Meski begitu, Calsedonia tetap mempertahankan senyum cerianya sambil menjawab dengan tegas, “Kamu salah paham sedikit. Atau mungkin tidak salah sama sekali. Ini bukan tentang dia yang membuatku bahagia; ini tentang aku yang membuatnya bahagia . Dan… dan jika dia bisa bahagia, maka itulah kebahagiaan tertinggi bagiku.”
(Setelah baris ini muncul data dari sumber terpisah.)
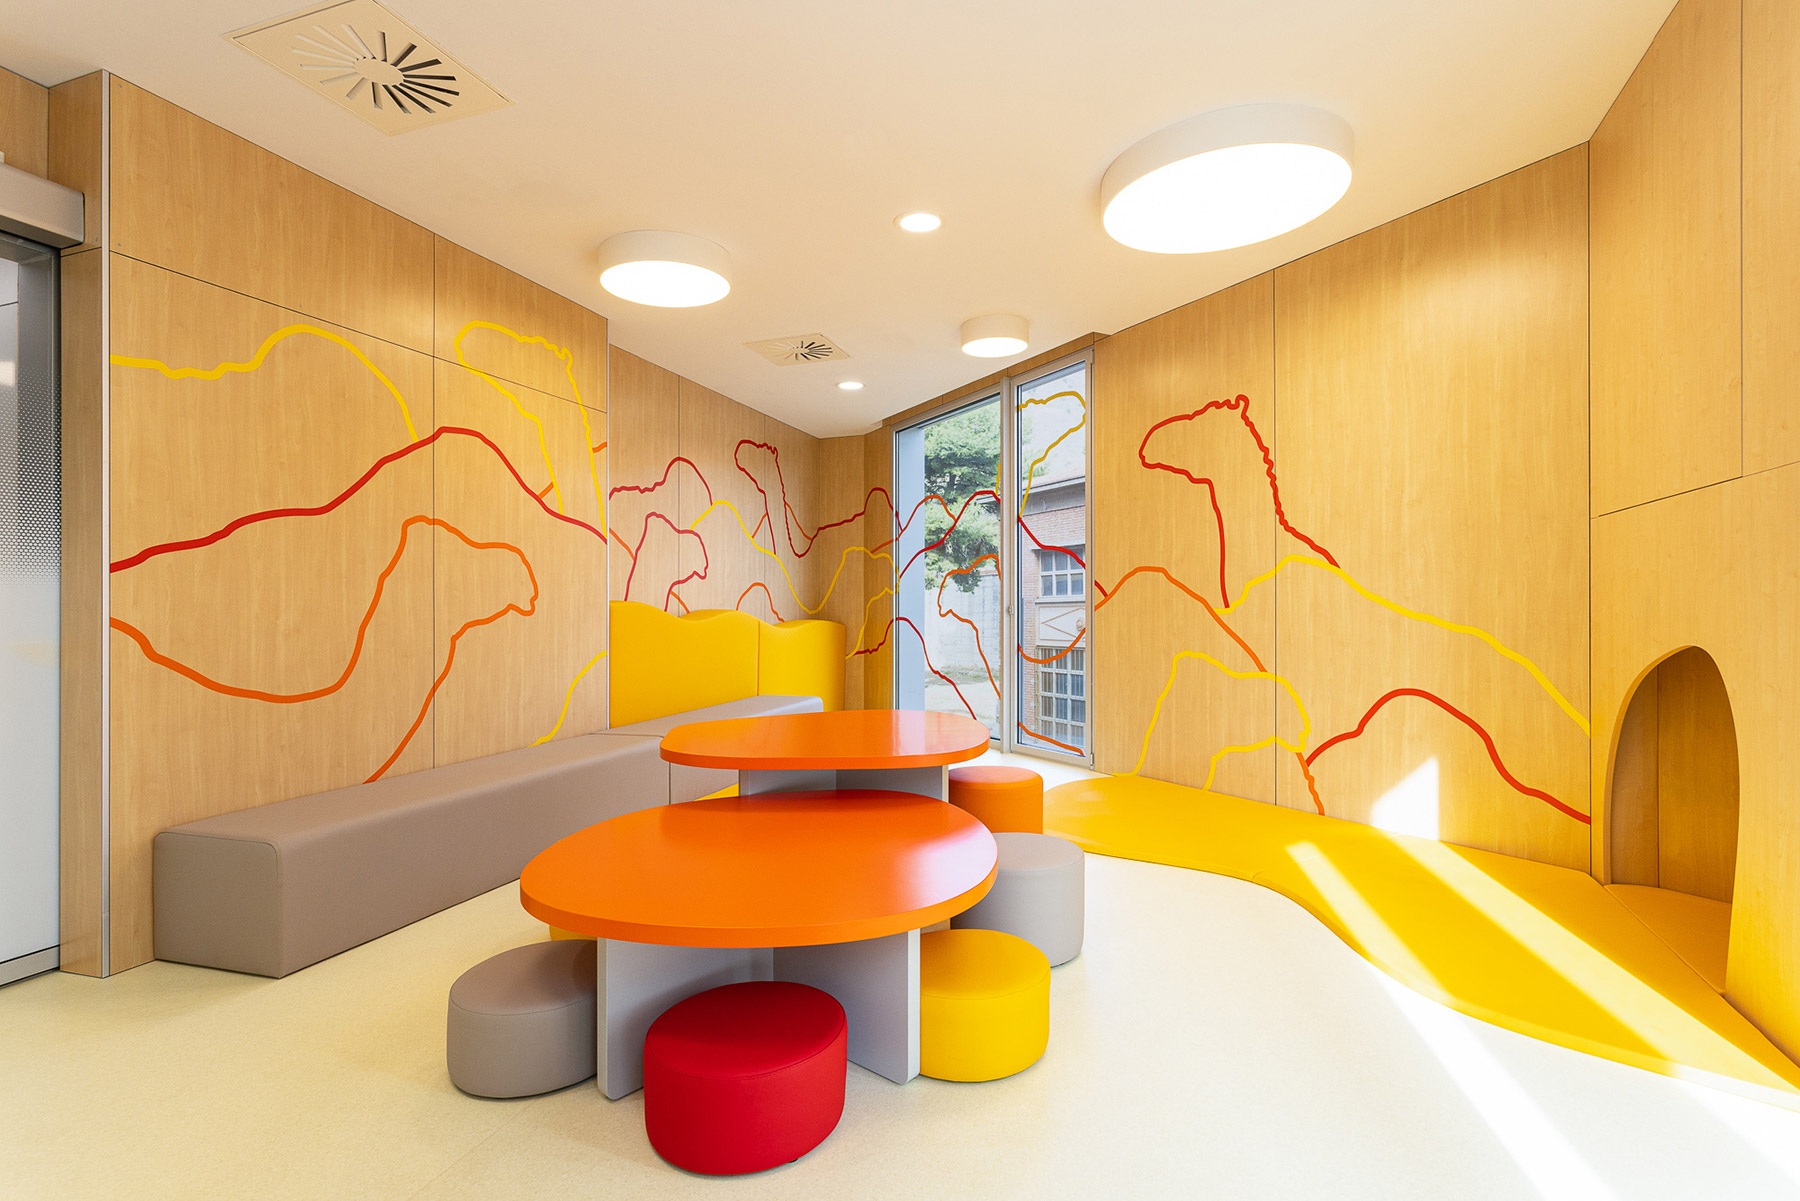 Rai Pinto Studio y Arauna Studio diseñan el Pediatric Cancer Center de Barcelona con el objetivo de humanizar la arquitectura del hospital, adaptándola a las necesidades infantiles

Setelah mengalami tahun yang menyakitkan, Tatsumi dibawa ke dunia ini oleh Calsedonia, yang ingin menuntunnya menuju kebahagiaan. Jika dia menjalani kehidupan yang bahagia di dunia asalnya, Calsedonia tidak akan memanggilnya. Meskipun bersatu kembali dengan Tatsumi tentu saja merupakan keinginannya yang terdalam, dia mengerti bahwa tidak ada gunanya menghancurkan kehidupan bahagia Tatsumi untuk itu.
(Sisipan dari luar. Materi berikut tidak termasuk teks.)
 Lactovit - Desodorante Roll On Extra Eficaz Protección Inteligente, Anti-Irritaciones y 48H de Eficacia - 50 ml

“Tinggal bersamanya adalah kebahagiaan terbesar bagiku,” kata Calsedonia sambil tersenyum tenang.
“Begitukah… Tekadmu tidak goyah, bukan?” jawabnya, suaranya rendah. Ia mendesah sedih, menunduk dan menutupi wajahnya dengan kedua tangannya.
Lalu seluruh tubuh laki-laki itu mulai bergetar hebat.
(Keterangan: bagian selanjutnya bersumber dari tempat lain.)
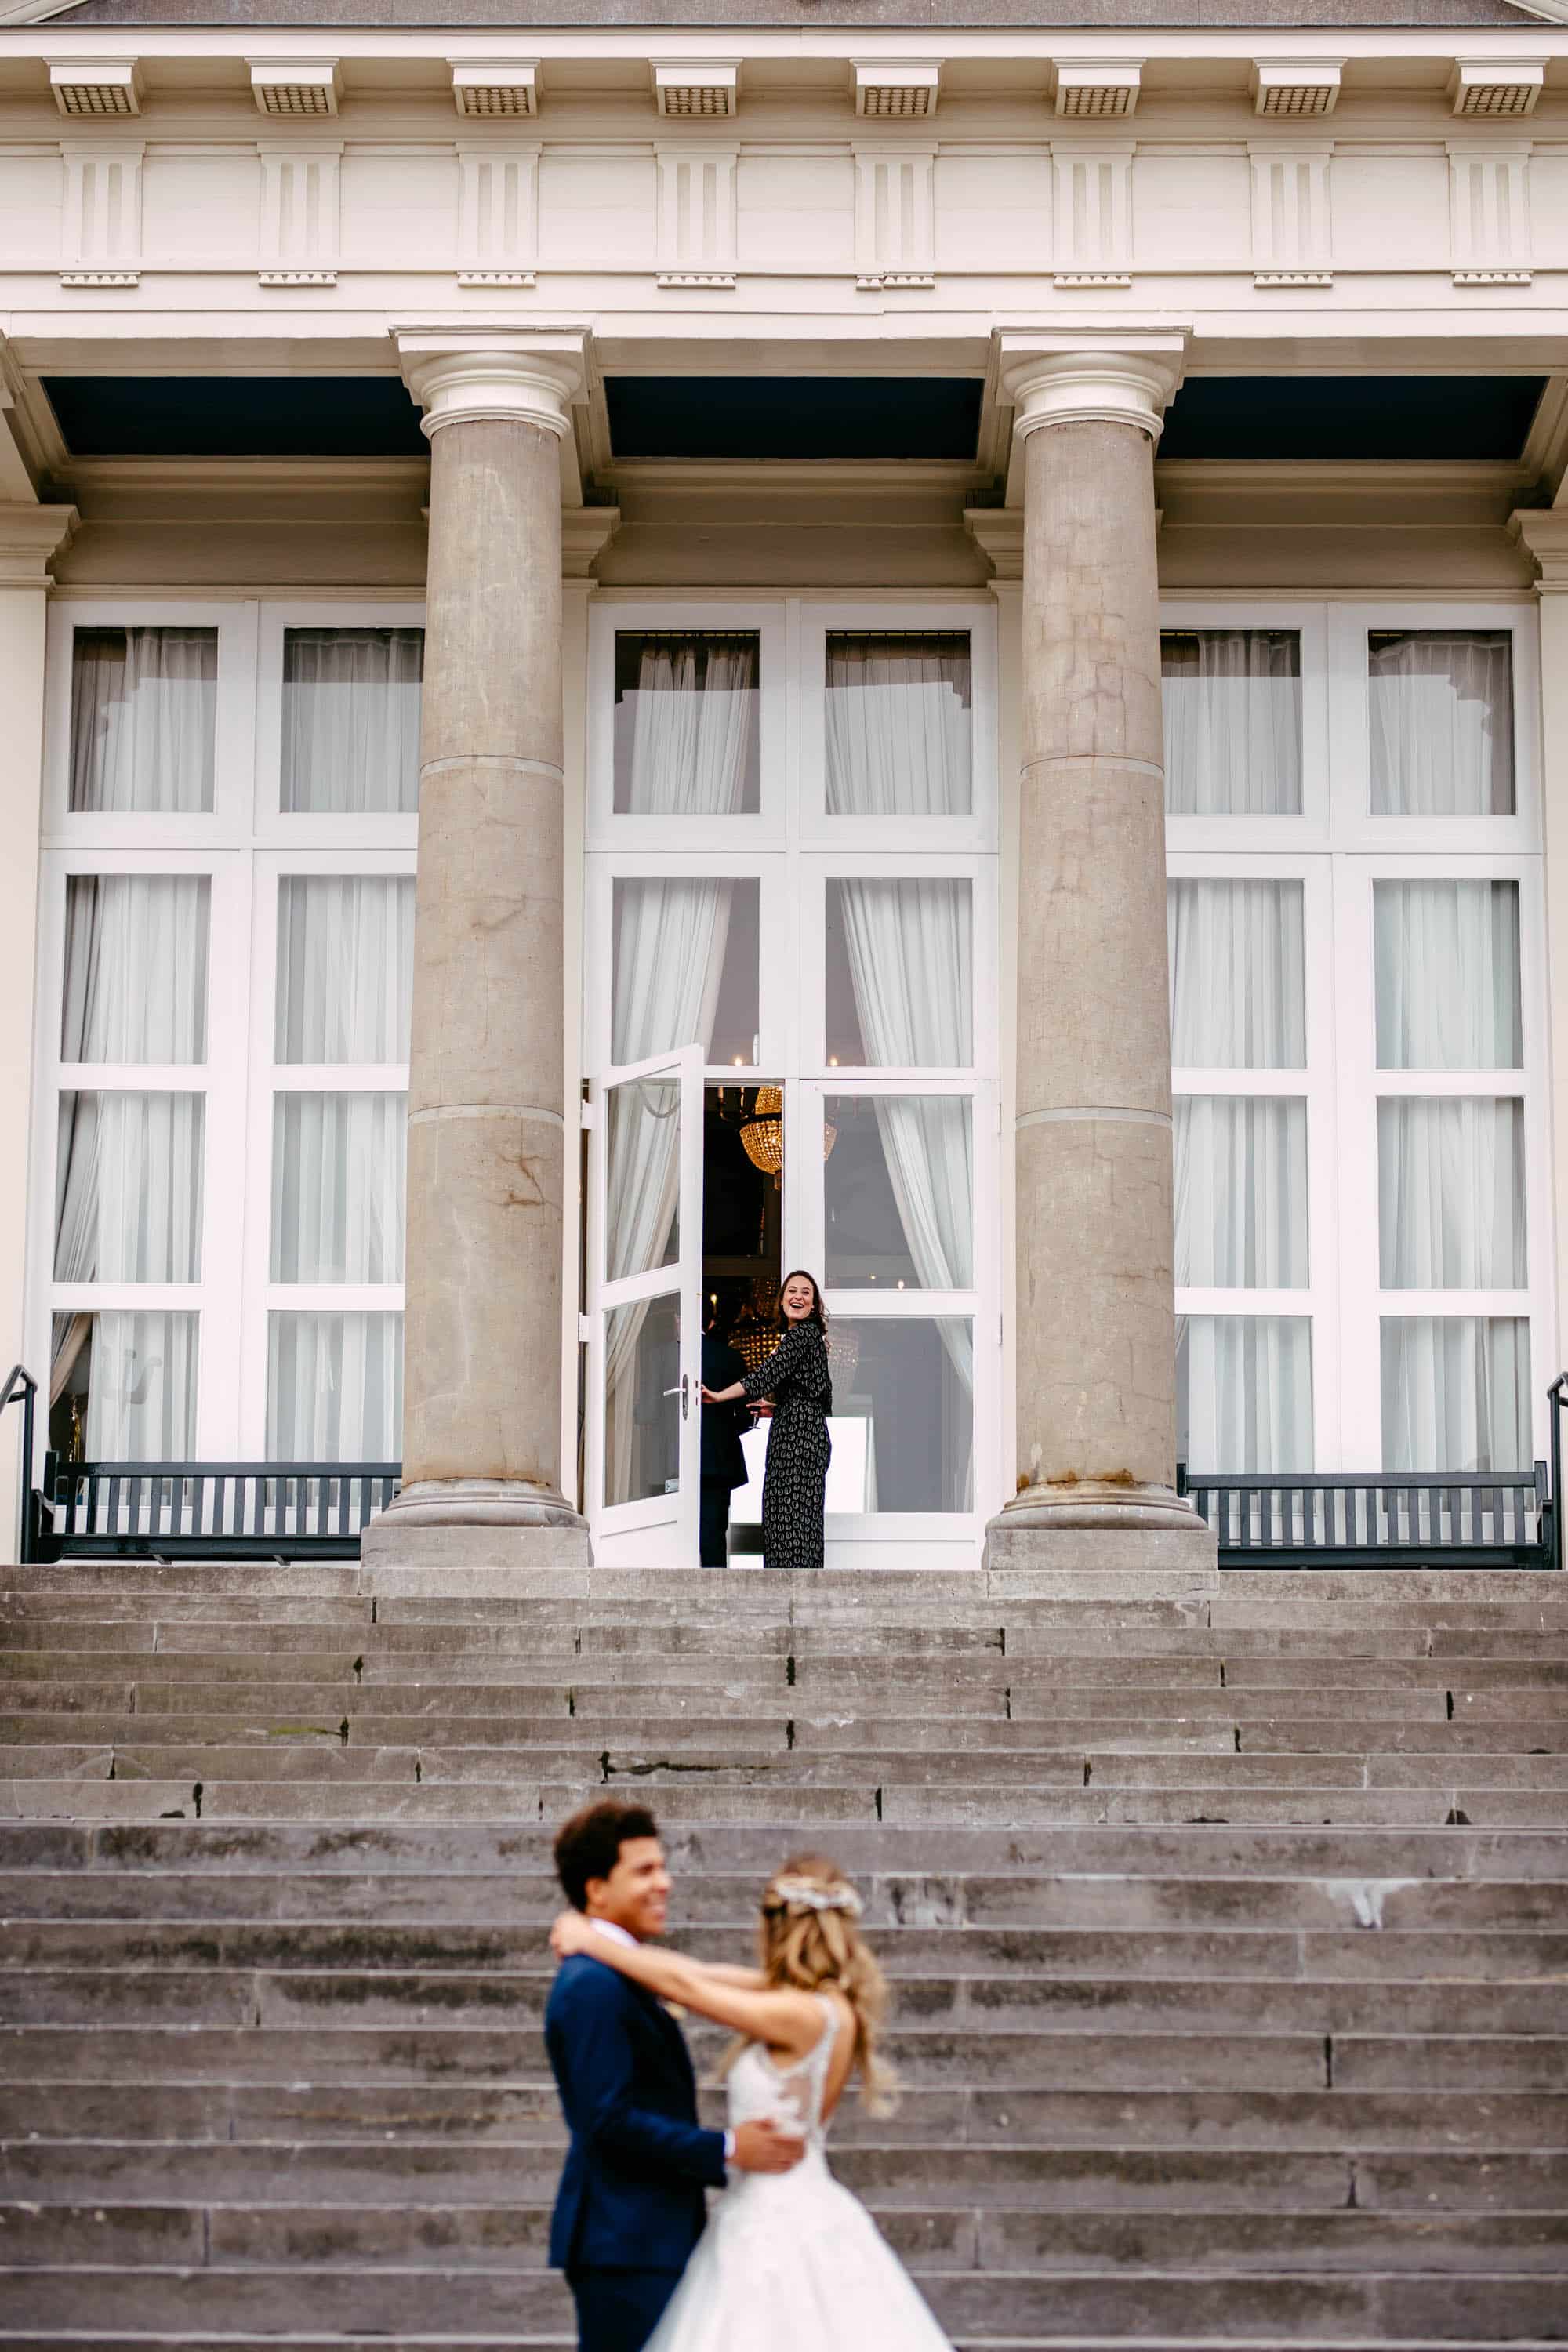 Een bruid en bruidegom staan op de trappen van een gebouw.

“Ada apa?” tanya Calsedonia, tiba-tiba merasa khawatir. Dia belum pernah melihatnya bersikap seperti ini.
Ia pertama kali bertemu dengannya saat ia dirawat oleh Giuseppe. Mereka telah saling kenal sejak lama, dan dalam ingatannya, Giuseppe selalu menjadi sosok yang pendiam dengan senyum yang lembut. Ia belum pernah melihatnya memancarkan aura yang begitu menyeramkan.
Merasa ada yang tidak beres, Calsedonia mengulurkan tangan untuk menyentuh bahunya yang gemetar. Tepat saat itu, dia menyadari bahwa dia menggumamkan sesuatu dengan suara pelan, wajahnya masih menunduk ke tanah.
“Dia milikku….”
Suaranya, yang bergema menakutkan seolah-olah dari kedalaman bumi, membuat bulu kuduk Calsedonia merinding. Secara refleks, dia menarik tangannya dan berdiri tiba-tiba.
“Kau… Kau tidak mungkin…” Suaranya bergetar saat kata-kata itu keluar dari bibir halusnya.
Bereaksi terhadap suaranya, dia mengangkat wajahnya, matanya dipenuhi kegilaan saat dia melihat Calsedonia, dan menyeringai, “Calsedonia… Aku tidak akan memberikanmu kepada siapa pun… Kau… Kau milikku…”
Dalam tatapannya, Calsedonia melihat cahaya merah yang seharusnya tidak ada di mata manusia, dan dia menyadari bahwa situasinya telah berubah menjadi berbahaya.